Table 2 presents the relative biases (expressed as percentages), standard deviations, and mean square errors of the standardized loadings and path coefficients estimated from the four methods under the correct model specification. GSCA did not encounter non-convergence or the occurrence of improper solutions across all the sample sizes. Conversely, the numbers of the samples omitted with the convergence problems under CSA at the different sample sizes were 72 (N = 100), 41 (N = 200), 30 (N = 500), and 23 (N = 1000), whereas those under PLSc were 38 (N = 100) and 3 (N = 200). One sample was removed under GSCAM only when N = 100.
Table 2. Relative biases expressed as percentages (RB(%)), standard deviations (SD), and mean square errors (MSE) of standardized loadings and path coefficients obtained from GSCA, GSCAM, PLSc, and CSA over different sample sizes.

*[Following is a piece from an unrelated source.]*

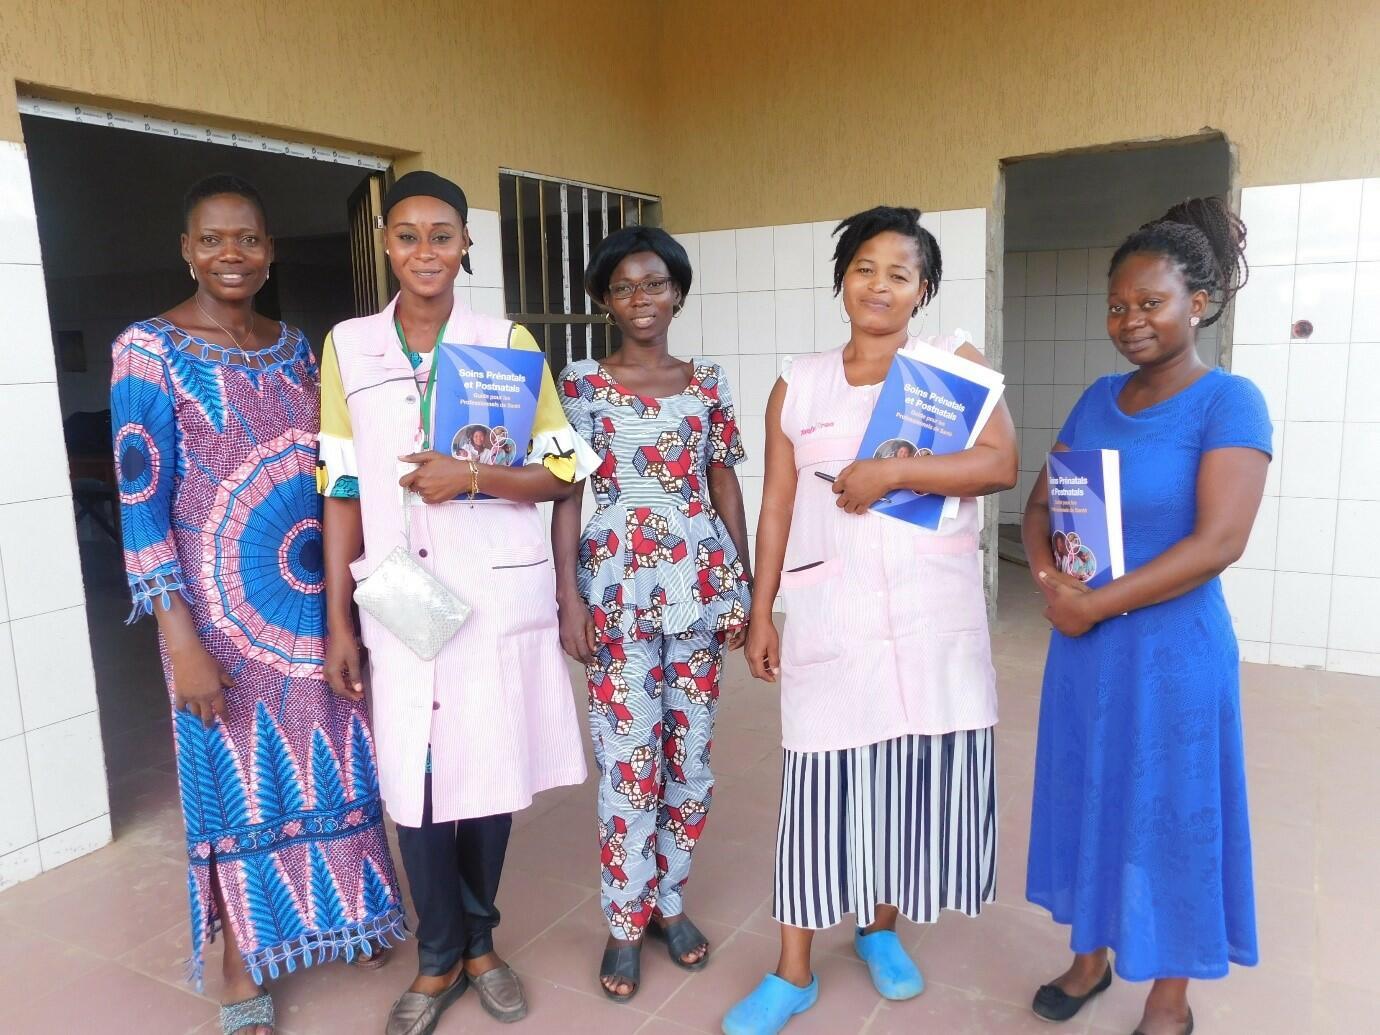 The QI team at Atakpame Regional Hospital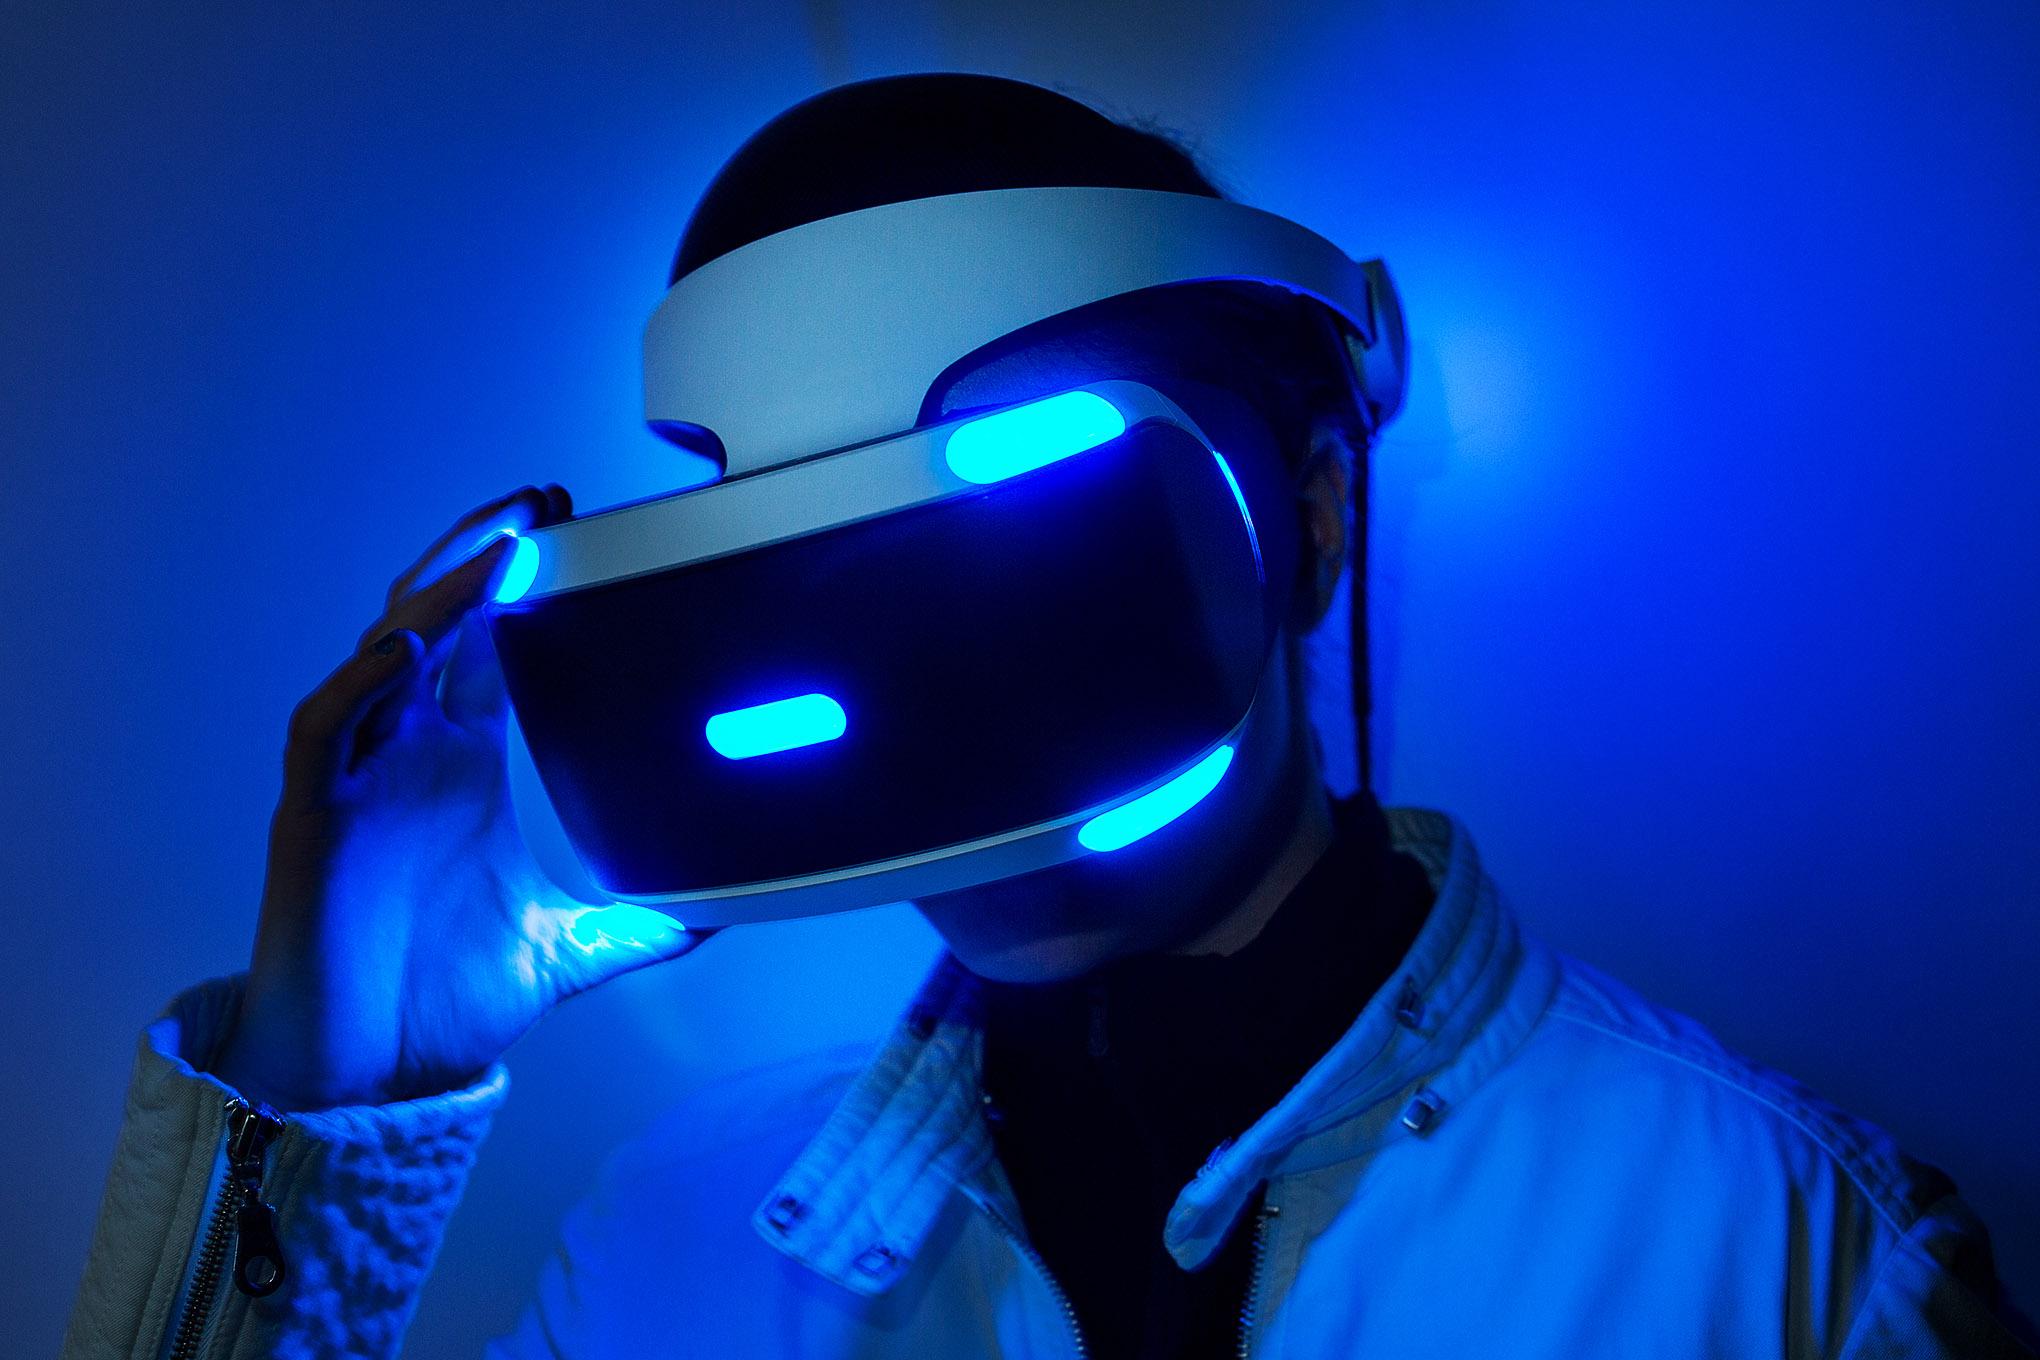 Playstation VR in use.https://movietvtechgeeks.com

As expected, all the loading estimates from GSCA except those of two high loadings (0.8) were positively biased, whereas all the path coefficient estimates were negatively biased, regardless of the sample sizes. Conversely, overall, GSCAM, PLSc, and CSA tended to result in unbiased estimates of a majority of loadings and all path coefficients across the sample sizes. However, the estimates of two low loadings (0.4 or 0.5) under these methods remained similar in magnitude and positively biased even when N = 1,000. As in the first simulation study, when N = 100, the path coefficient estimates of GSCAM showed larger relative biases than those from PLSc and CSA, although they decreased rapidly with the sample size, approaching zero when N = 1,000.
The standard deviations of the estimates from the four methods became smaller with the sample size. GSCA provided smaller standard deviations than the other methods. The mean square errors of all the parameter estimates obtained from GSCAM, PLSc, and CSA remained similar in magnitude across the sample sizes and most of them, except for those for the estimates of the two loadings, approached zero when the sample size increased. On the other hand, those from GSCA remained larger and only a few approached zero, although they gradually decreased with the sample size.
Table 3 shows the relative biases (expressed as percentages), standard deviations, and mean square errors of the standardized loadings and path coefficients estimated from GSCA, GSCAM, and CSA under the incorrect model specification. CSA suffered severely from non-convergence or convergence to improper solutions across all the sample sizes. The numbers of the samples omitted under CSA were 371 (N = 100), 216 (N = 200), 131 (N = 500), and 100 (N = 1,000), whereas those under GSCAM were 54 (N = 100), 12 (N = 200), 1 (N = 500), and 1 (N = 1,000). Again, GSCA had no such problems across all the sample sizes.
Table 3. Relative biases expressed as percentages (RB(%)), standard deviations (SD), and mean square errors (MSE) of standardized loadings and path coefficients obtained from GSCA, GSCAM, PLSc, and CSA over different sample sizes.
Overall, GSCAM and CSA tended to produce unbiased estimates of most of the loadings and all the path coefficients across the sample sizes. However, their estimates of two low loadings (0.4 or 0.5) remained similar in magnitude and positively biased even when N = 1,000. GSCA resulted in positively biased loading estimates except those of two high loadings (0.8) regardless of the sample sizes. Conversely, it produced path coefficient estimates with an acceptably small amount of bias, although the amount of bias on average remained unchanged over the sample sizes.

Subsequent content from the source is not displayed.